Ну, думаю, приехали. Из огня да в полымя. Опять Афган. Только в этот раз, ей-богу, под каким-то новым соусом: рано или поздно с посольскими разговор у меня, конечно, перескакивает на популярную частоту, но чтобы вот так в лоб, без дипломатии, да еще с порога про Стикса…

— И в чем тут подвох? — любопытствую встречно.

Саманта Вильсон озадаченно хмурится.

— Зачем Пентагону солдат «империи зла»? — говорю без обиняков. — Погибший к тому же.

— Затем, — сообщает Саманта, не моргнув глазом, — что на прошлой неделе в Афганистане пропал без вести его сын Димас, солдат из американского состава сил коалиции.

— И что? — недоумеваю я.

Она проглаживает ногтем по сгибу свою салфетку.

— А то, что он пропал в районе бывшего советского поста номер восемнадцать, то есть, как я понимаю, господин Воронин, вашей заставы. Так?

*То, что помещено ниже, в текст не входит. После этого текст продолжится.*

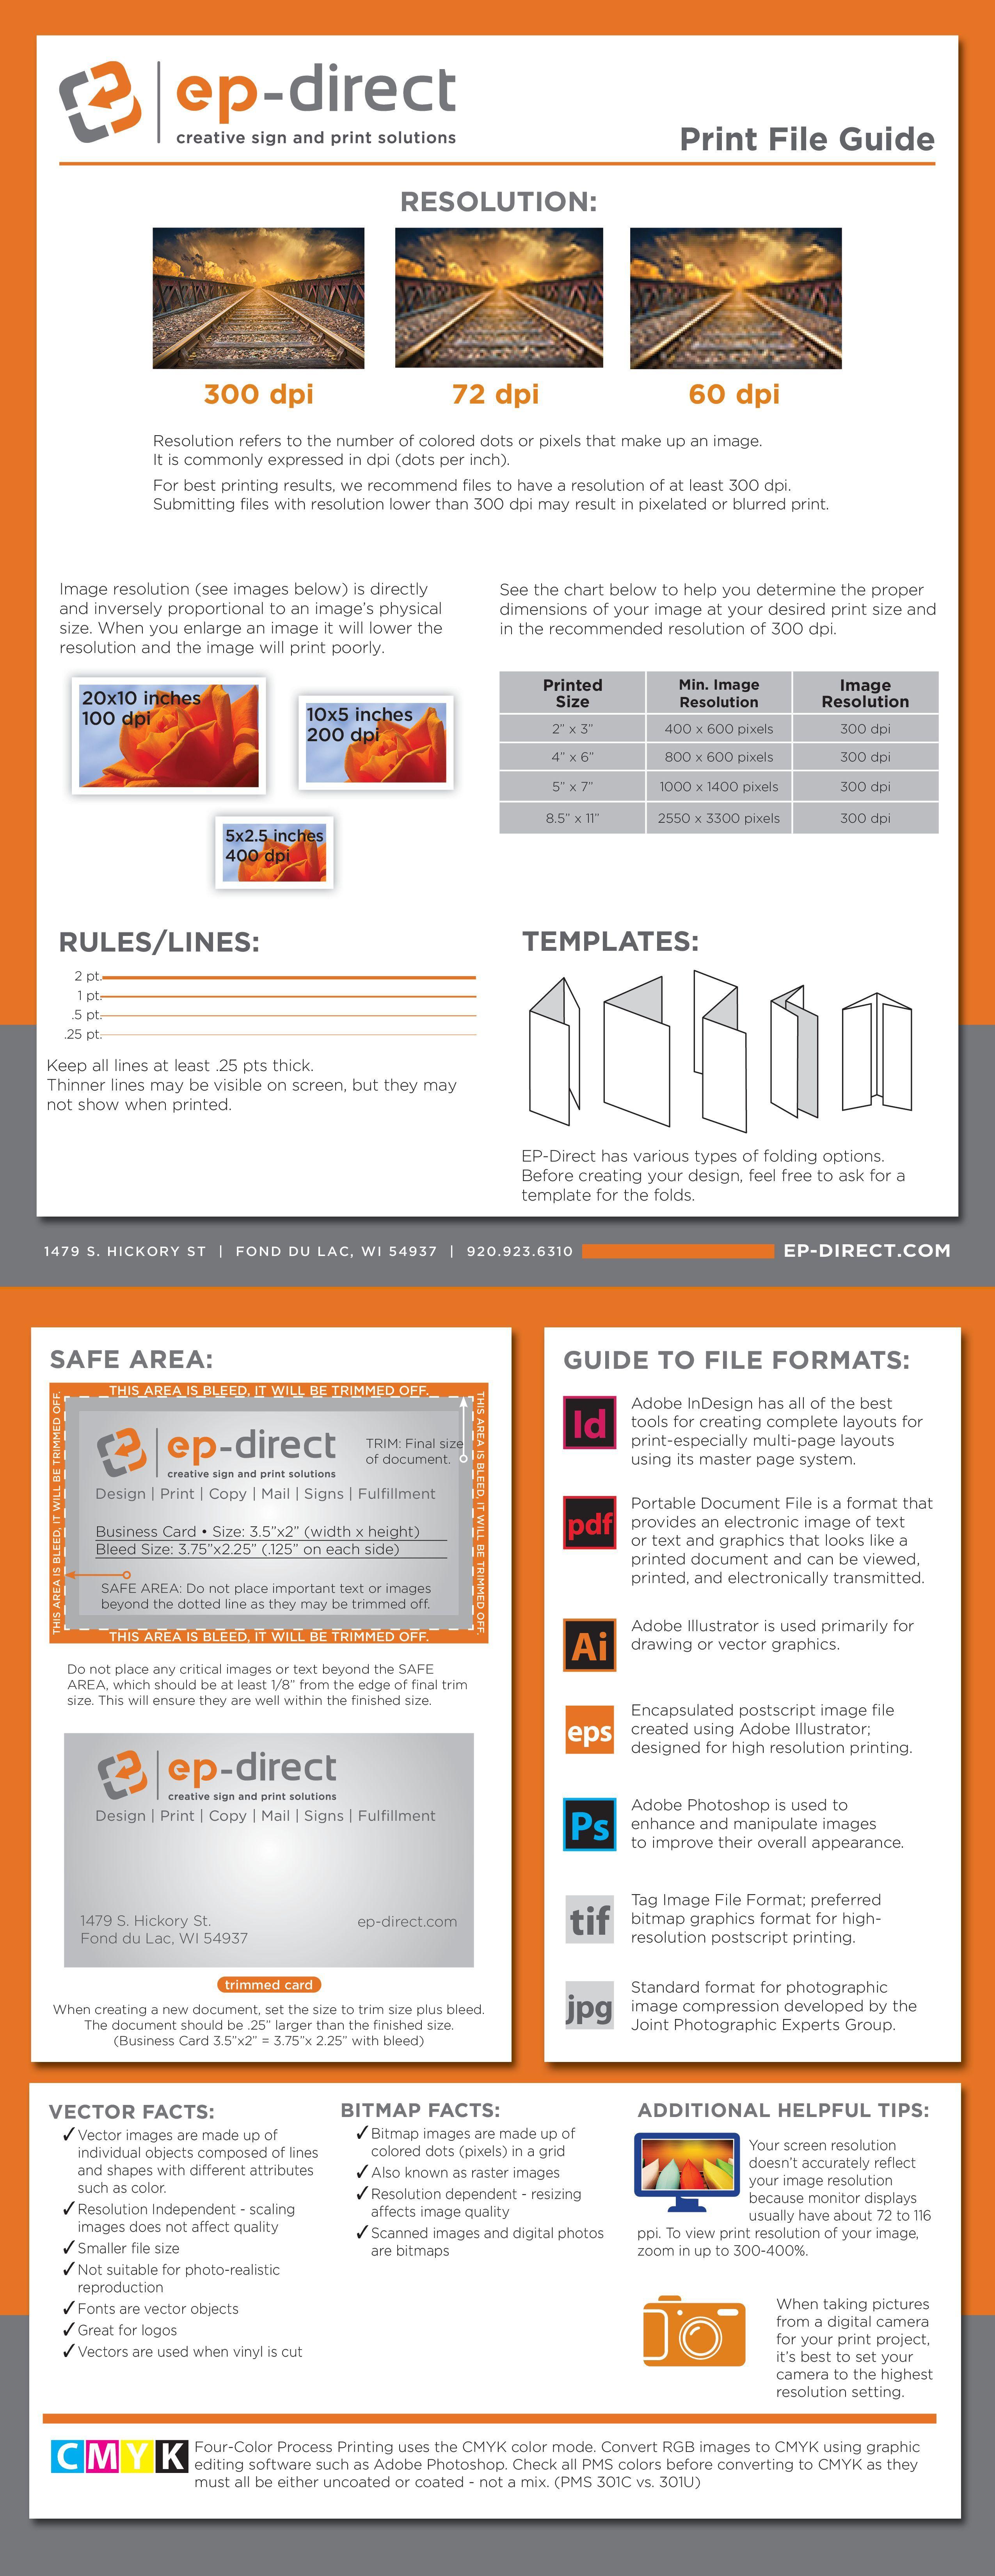 Print File Guide

Вправду сказать, решил я поначалу, что это розыгрыш. Поэтому, чтобы выиграть время, заказываю чайку с лимоном, пирожных там с конфетками, а сам поглядываю на свою визави. Она, смотрю, от нетерпения и вежливости рябью пошла, даже руки со стола убрала, чтобы салфеточку не тревожить. Нет, думаю, дело-то пахнет порохом. К Стиксу у американской военщины интерес неподдельный, самый что ни на есть животрепещущий. Оперативный интерес.

— Простите, — говорю осторожно, — я, может быть, задам глупый вопрос: скажите, а вы точно уверены, что это его сын?

С улыбкой легкого замешательства Саманта склоняет голову набок, мельком оглядывается на своего бодигарда за угловым столиком и, переведя дух, смотрит, как я дырявлю рогатинкой лимонную дольку.

— Так точно, как, в принципе, можно знать что-то.

— Подробностей, как это все было, сообщить, конечно, не можете?

— Пока — нет. Но скажу, что Дейм… что Димас был на хорошем… да что там — лучшим солдатом бригады, имел комбатные награды и ранения. Версия, что он дезертир, отпадает совсем.

— Фотографию его хотя бы покажете? — спрашиваю так же осторожно.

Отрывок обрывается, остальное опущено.